Bisnis.com, BANDUNG—Rencana penanganan Daerah Aliran Sungai (DAS) Citarum 0-20 kilometer pertama oleh Pemprov Jabar belum solid sementara di wilayah tersebut sebanyak 8.311,80 hektar lahan sudah kritis.
Kepala Badan Pengelolaan Lingkungan Hidup Daerah (BPLHD) Jabar Anang Sudarna mengatakan kerusakan sudah teridentifikasi seusai pihaknya bersama sejumlah dinas melakukan perjalanan darat menyusuri 7,7 kilometer di DAS Citarum 20 kilometer pertama.
“Kami memverifikasi langsung di lapangan, persoalannya banyak,” katanya di Bandung, Jumat (11/4/2014).
Persoalan itu antara lain kotoran hewan, pertanian, sanitasi, pembuangan limbah, instalasi pembuangan air limbah (IPAL) tak optimal, hingga alih fungsi lahan. Dari 5 desa, setidaknya lebih dari 1.000 lahan milik negara beralih fungsi lahan dari perkebunan dan hutan menjadi lahan tanaman sayur.
Data BPLHD Jabar mencatat di 0-20 kilometer pertama DAS Citarum di 5 kecamatan di Kabupaten Bandung, lahan kritis mencapai 8.311,80 hektar.
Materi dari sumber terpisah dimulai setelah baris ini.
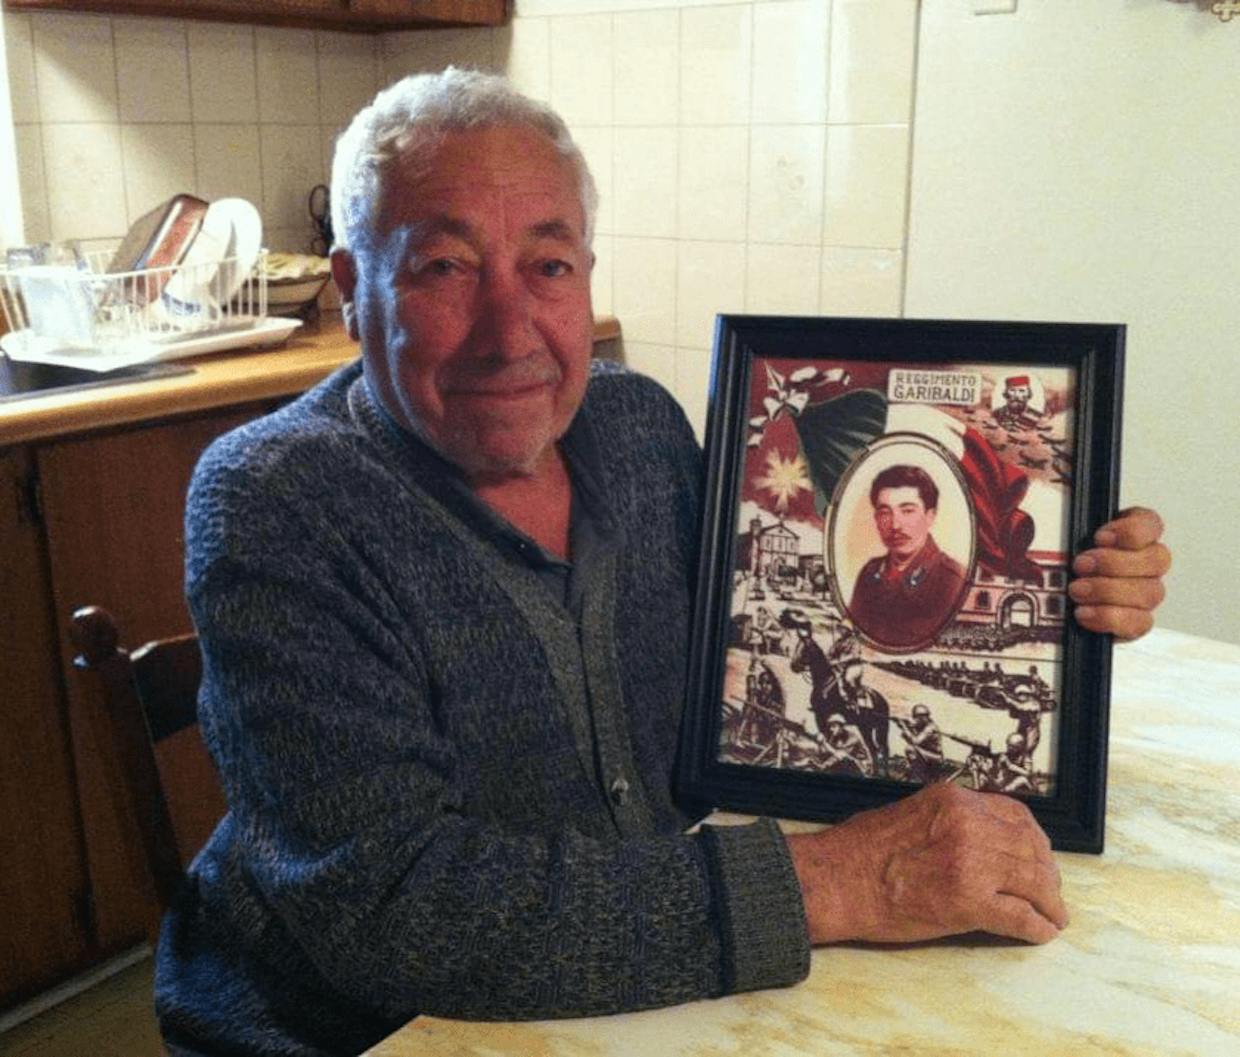 My dad with an enlarged photo of him at 20 years old when he was in the Reggimento  Bersagliero "GaribaldI" in Venice, Italy. He was SO excited when my son (his grandson) surprised him with this ❤
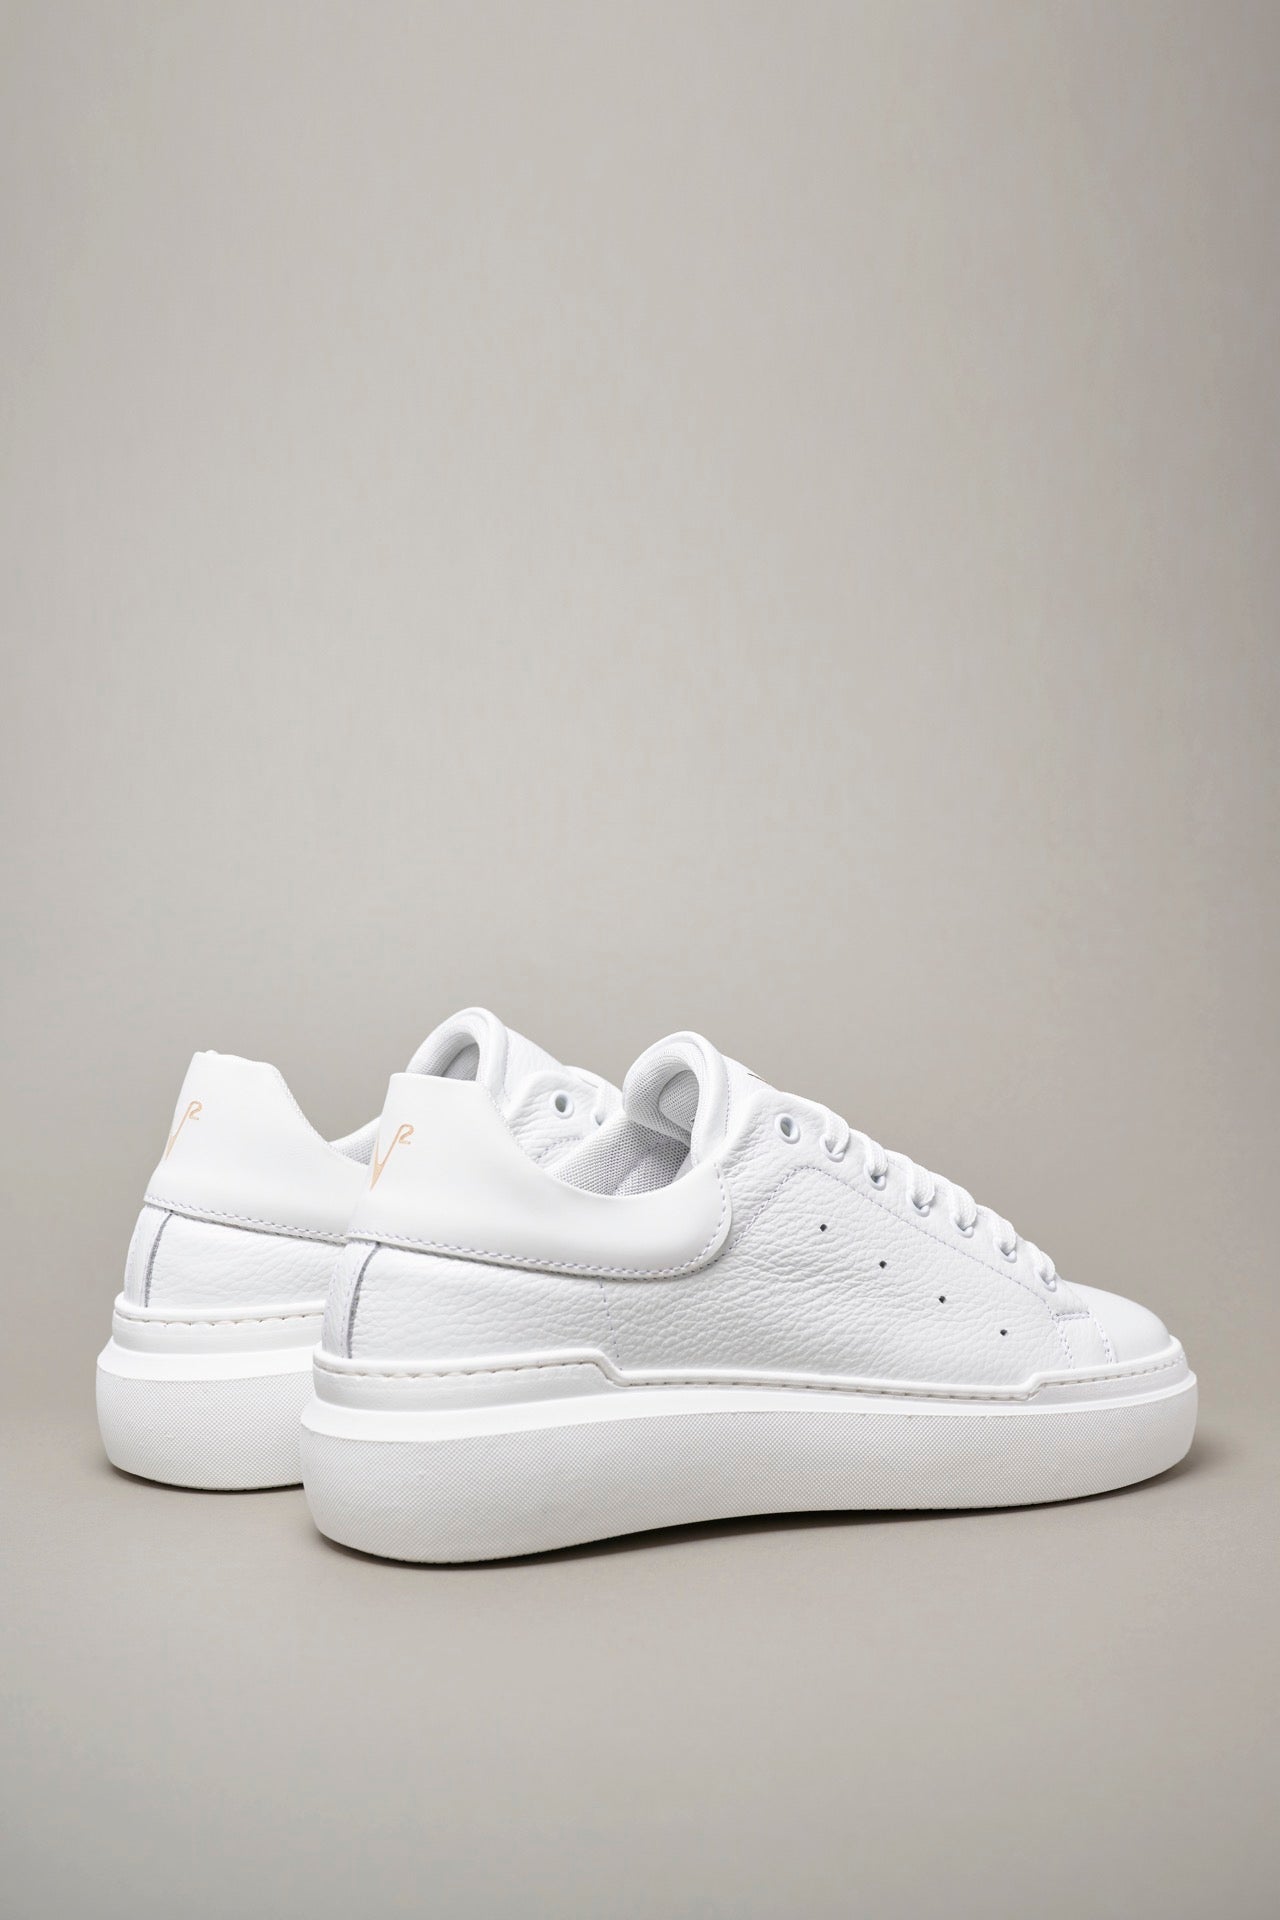 HAMMER - High sole sneakers in textured leather with White back

Rinciannya untuk hutan konservasi kritis 1.117,68 hektar, sangat kritis 43 hektar. Hutan lindung kritis 3.638,91 hektar, dan sangat kritis 294,45 hektar. Hutan produksi sangat kritis 4,24 hektar.
Menurut Anang, lahan yang beralih fungsi untuk tanaman sayuran harus segera dicarikan solusinya. Untuk mengurangi erosi di kawasan ini dibutuhkan strategi tepat. Salah satunya eco-village atau desa ramah lingkungan. “Ada juga strategi pengendalian pencemaran dan pembinaan hukum.”
Lewat desa ramah lingkungan, masyarakat dituntut turut mengelola lingkungan dengan lebih berbudaya. BPLHD sudah menurunkan tim fasilitator dari komunitas dan aktifis lingkungan di desa-desa tertentu. “Ada 24 fasilitator kami rekrut untuk melatih masyarakat soal pertanian, sanitasi,” katanya.
Untuk industri yang berjumlah 71, pihaknya pun mulai melakukan pembinaan. Pihaknya menemukan 4 kasus yang dilakukan industri di wilayah Majalaya, antara lain industri memiliki IPAL tapi tidak dimanfaatkan secara optimal, tidak patuh aturan dan tidak melaporkan. “Mereka juga menggunakan batu bara sebagai bahan bakar yang limbahnya jelas B3,” katanya.
Sejauh ini sudah ada 7 industri yang ditangani dengan mendapat sanksi administrasi seperti teguran keras. Satu perusahaan sudah diajukan ke pengadilan karena terbukti membuang langsung limbah ke Citarum tanpa diolah. “Mereka perusahaan besar, punya IPAL tapi tidak mengolah, alasannya karena penghematan,” papar Anang.